As you will see below, Mobile Fidelity may have made the perfect record for you.

This, of course, depends on who you are. More precisely, it depends on whether you care about having better sound, and whether you know how to acquire pressings with better sound.

As for the MoFi you see pictured, it’s quiet, it’s tonally correct, and on the equipment most audiophiles will probably use to play it back, it does not seem to be especially veiled, opaque or compressed.

If you’re the kind of audiophile who doesn’t want to do the work required to find a top quality vintage pressing on his own, or buy one from us, this is actually a very good sounding record and a good way for you to go.

In that sense it is the ideal pressing for most audiophiles.

Ask yourself three questions:

  1. Do you want the expense and hassle of finding a nice original stereo copy?
  2. Do you want to invest in proper record cleaning equipment to restore the glorious sound of the original’s 50-plus year old vinyl?
  3. Do you want to spend the time (decades) and money (many tens of thousands of dollars) to build and tweak a top quality analog playback system?

If you don’t want to do these things, you are not alone.

In fact, you are clearly in the majority, part of that enormously tall, fat bulge right in the middle of the bell curve.
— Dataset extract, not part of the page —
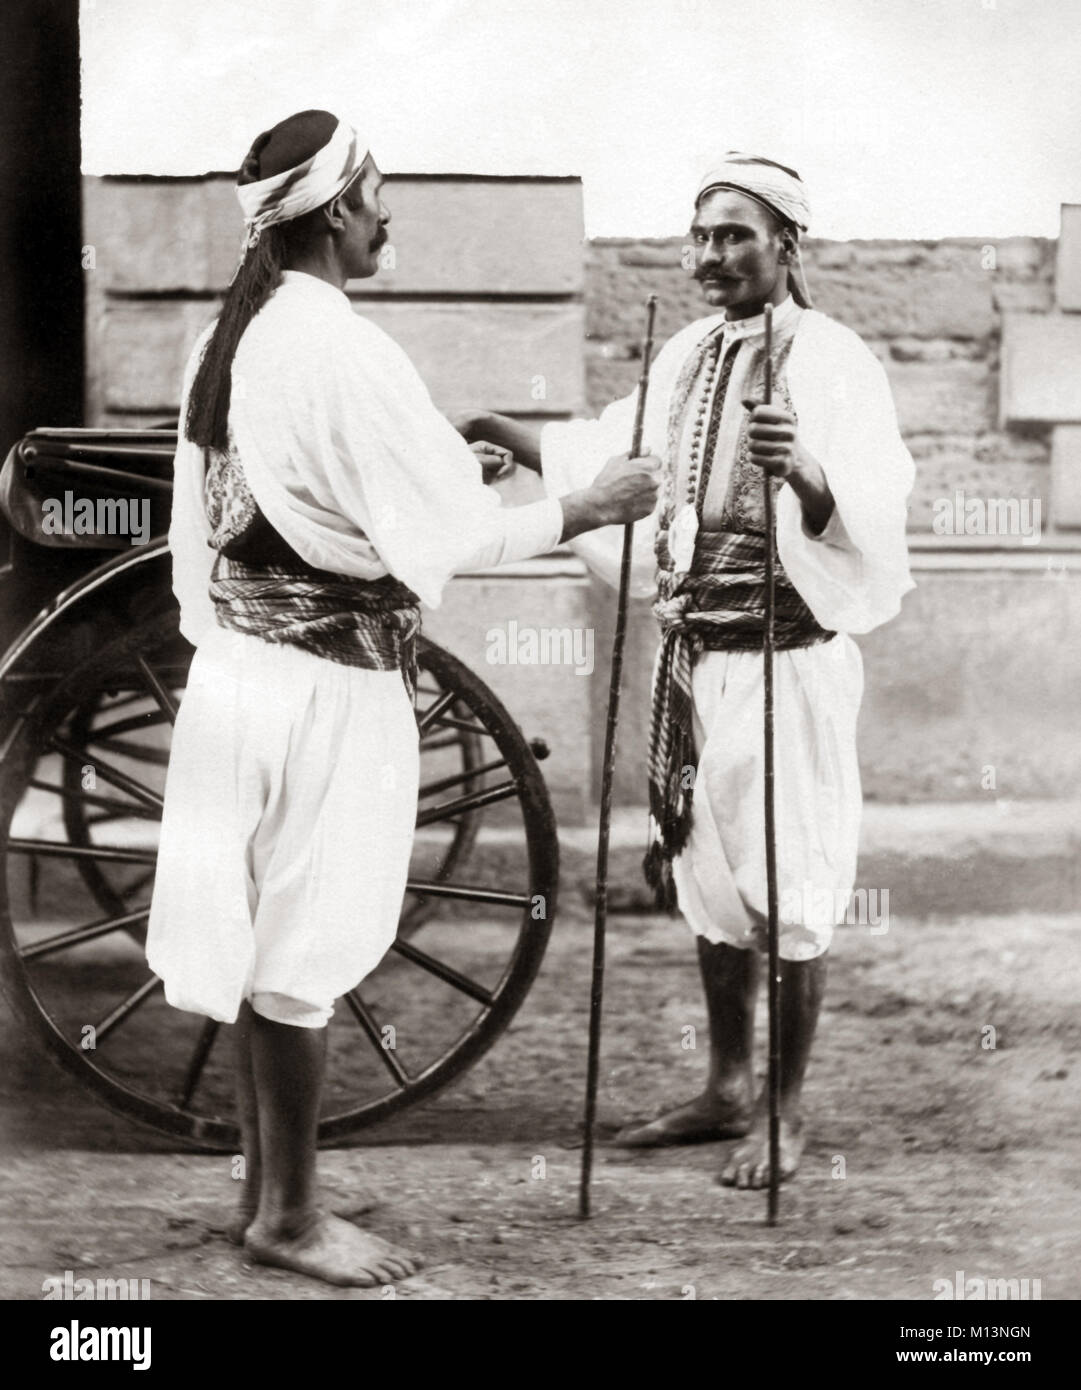 Sais courant, or carriage footmen, Egypt, c.1880's Stock Photo

As the quintessential audiophile record lover, a big part of the mass of the mass-market, Mobile Fidelity has made the perfect record for you.

It’s quiet, it’s tonally correct, and on the audiophile equipment you will most probably use to play it back with, it does not seem to be especially veiled, opaque or compressed.

It is indeed all of these things, and many more, but you will have no reason to suspect that anything is wrong with it.

More precisely, you will have no way to know that anything is wrong with it.

We know exactly what’s wrong with it, but that’s because we are very serious about records and audio, as serious as they come. Who digs deeper than we do?

Now that you have failed to note its many shortcomings, the only thing remaining is for you to go to an audiophile forum and write your review, telling everyone how much better it is than whatever crappy pressing you owned and will be trading in soon. This assumes you owned anything at all. I would be surprised if the average audiophile has a vintage copy of the album to compare with the new one, but no doubt some do. The later reissues of the album, which are common in clean condition, give ammunition to all of those who proclaim that reissues are consistently awful. That’s often not the case, but is definitely the case in this case.

If you want to hold the pressings you play to a higher sonic standard, we are here to help.

If setting a low bar is more your style, Mobile Fidelity has been making records for you for more than fifty years. As long as you keep buying them, they’ll keep making them. They’ve been setting a very low bar for as long as I can remember, and the fact that they are still around is positive proof that their customers like things just fine that way.